Data below
═══

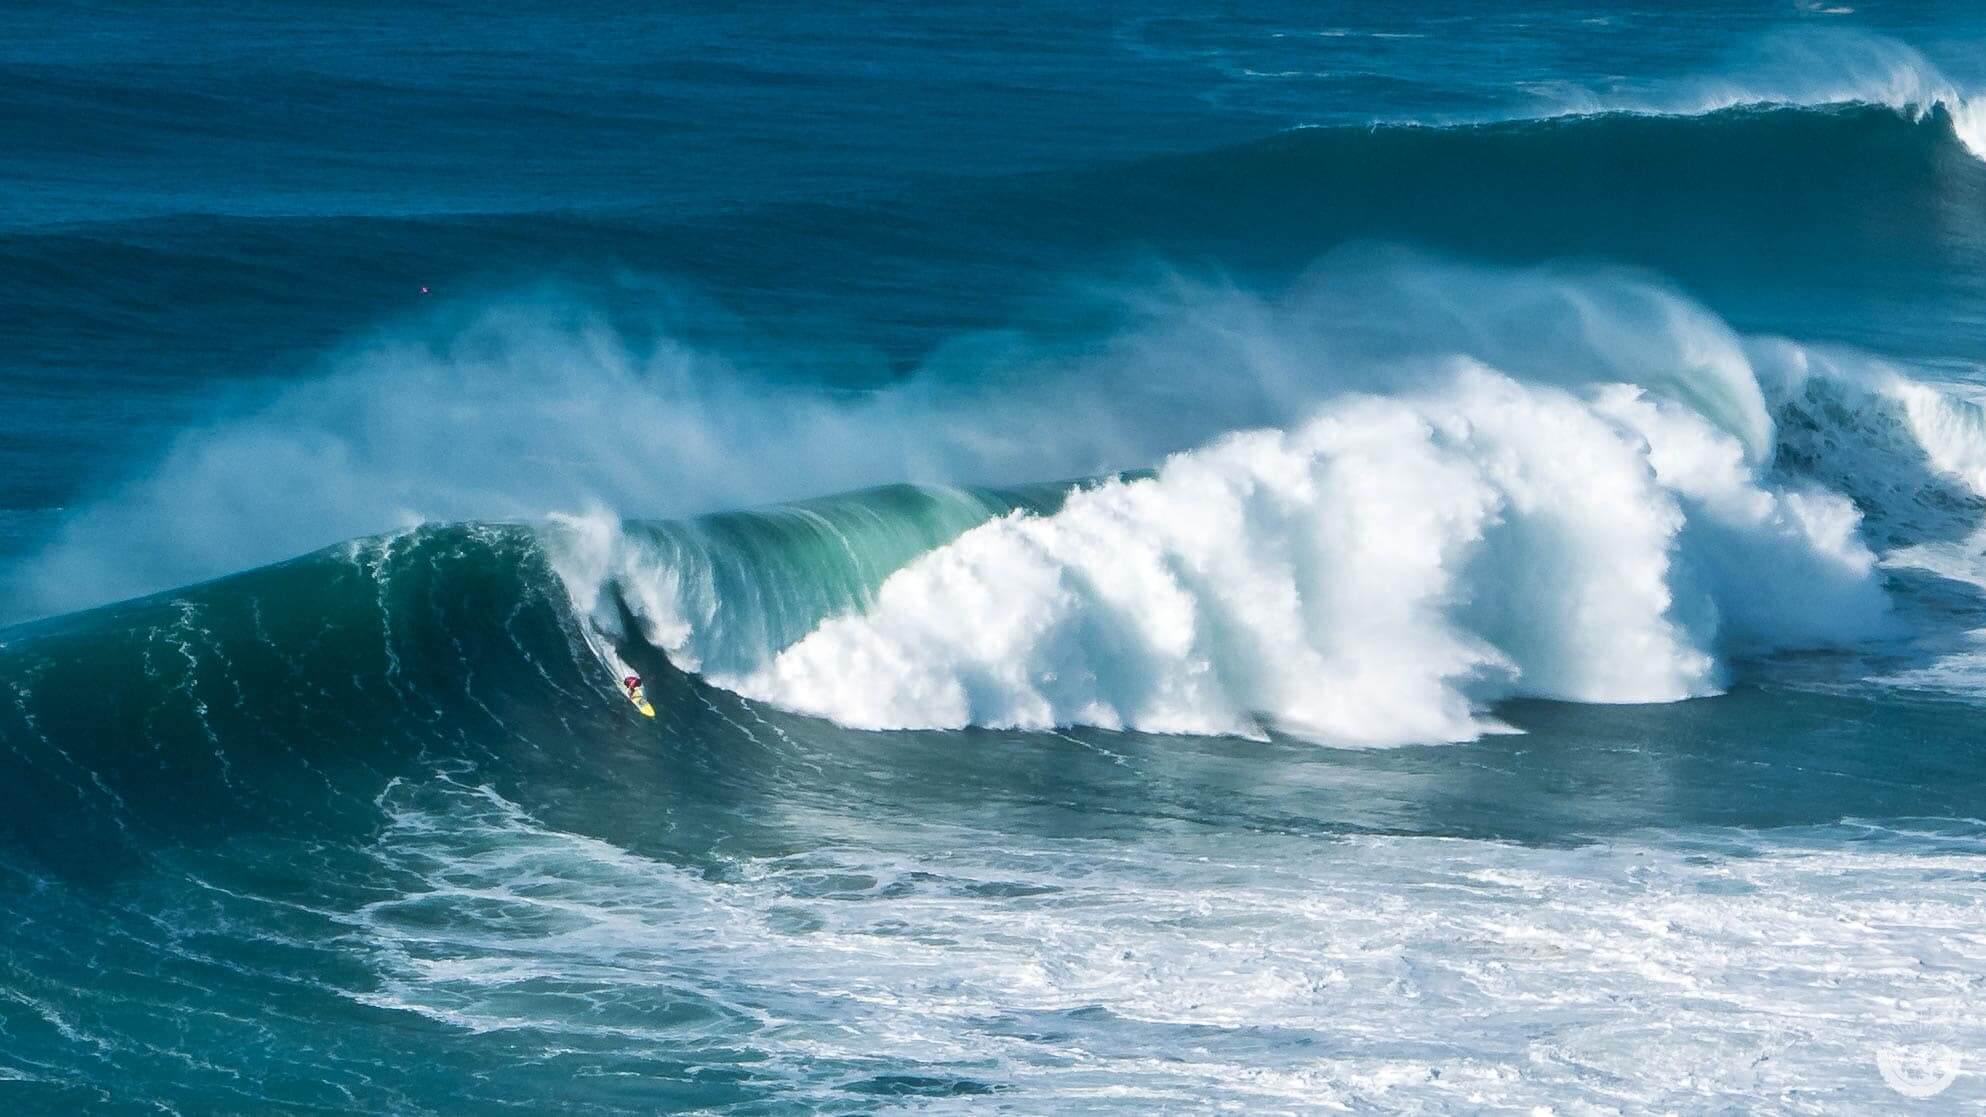 Big Wave Surf Contest in Nazaré, Portugal
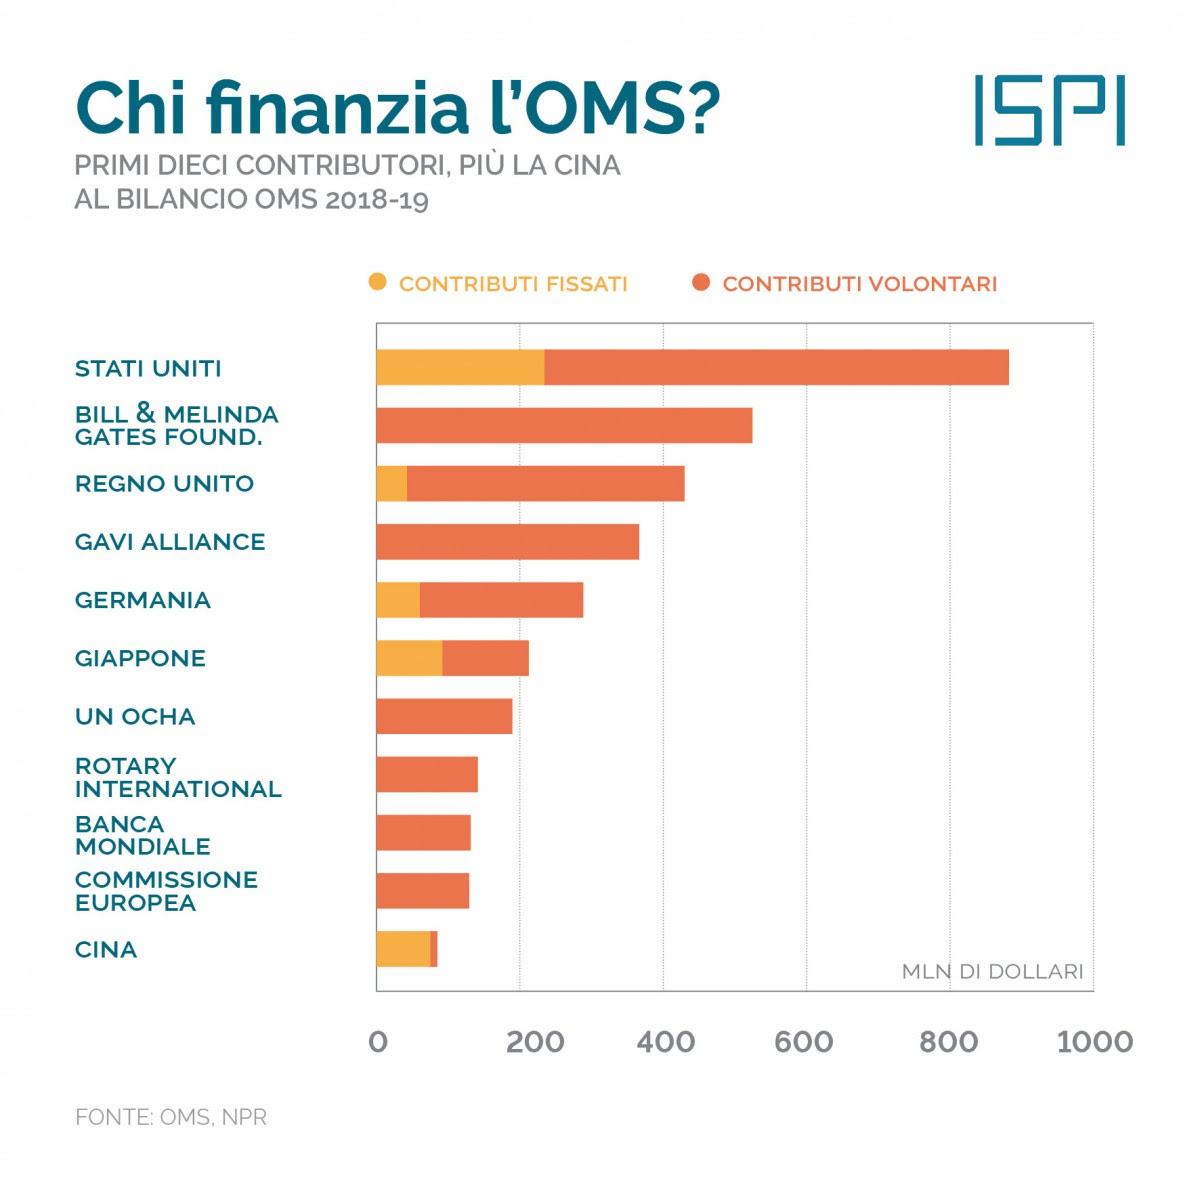 https://campaign-image.eu/zohocampaigns/28716000026512985_zc_v6_chi_finanzia_oms.jpg
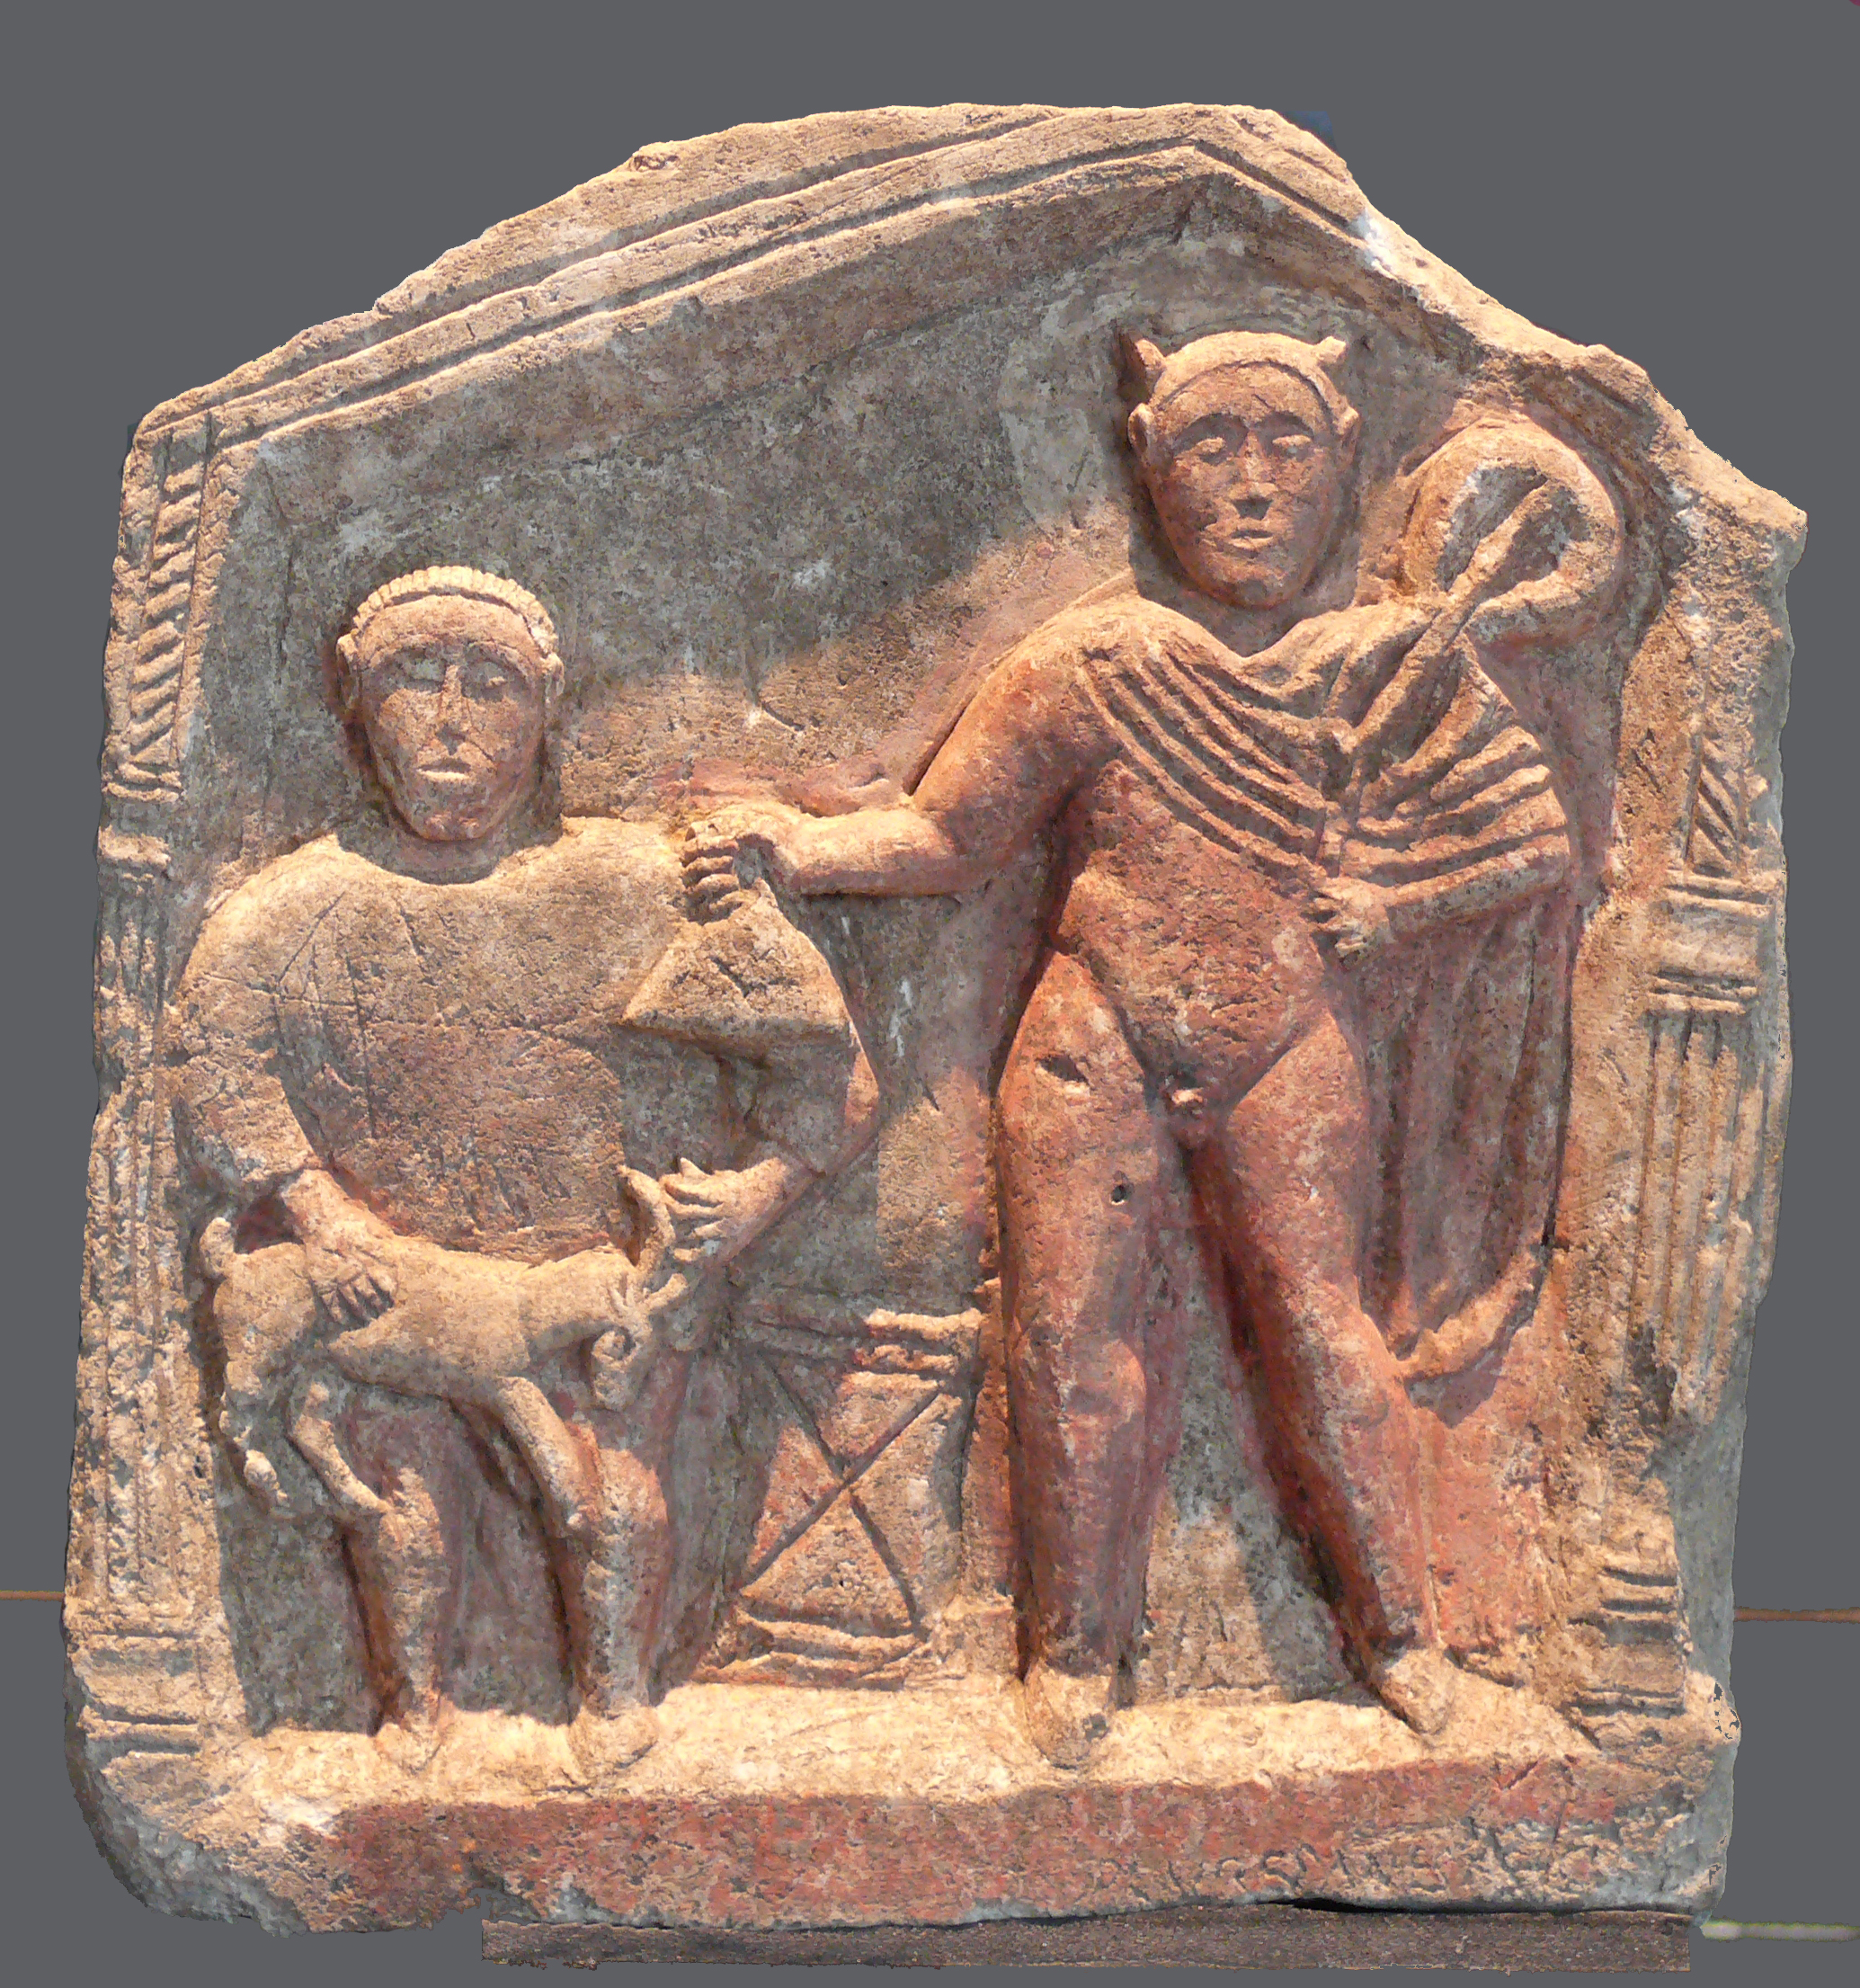 File:Mercury (deity) relief.jpg - Wikimedia Commons

═══

Work request
Pictures aside, retype the material exactly.

Solution below
 Big Wave Surf Contest in Nazaré, Portugal
 https://campaign-image.eu/zohocampaigns/28716000026512985_zc_v6_chi_finanzia_oms.jpg
 File:Mercury (deity) relief.jpg - Wikimedia Commons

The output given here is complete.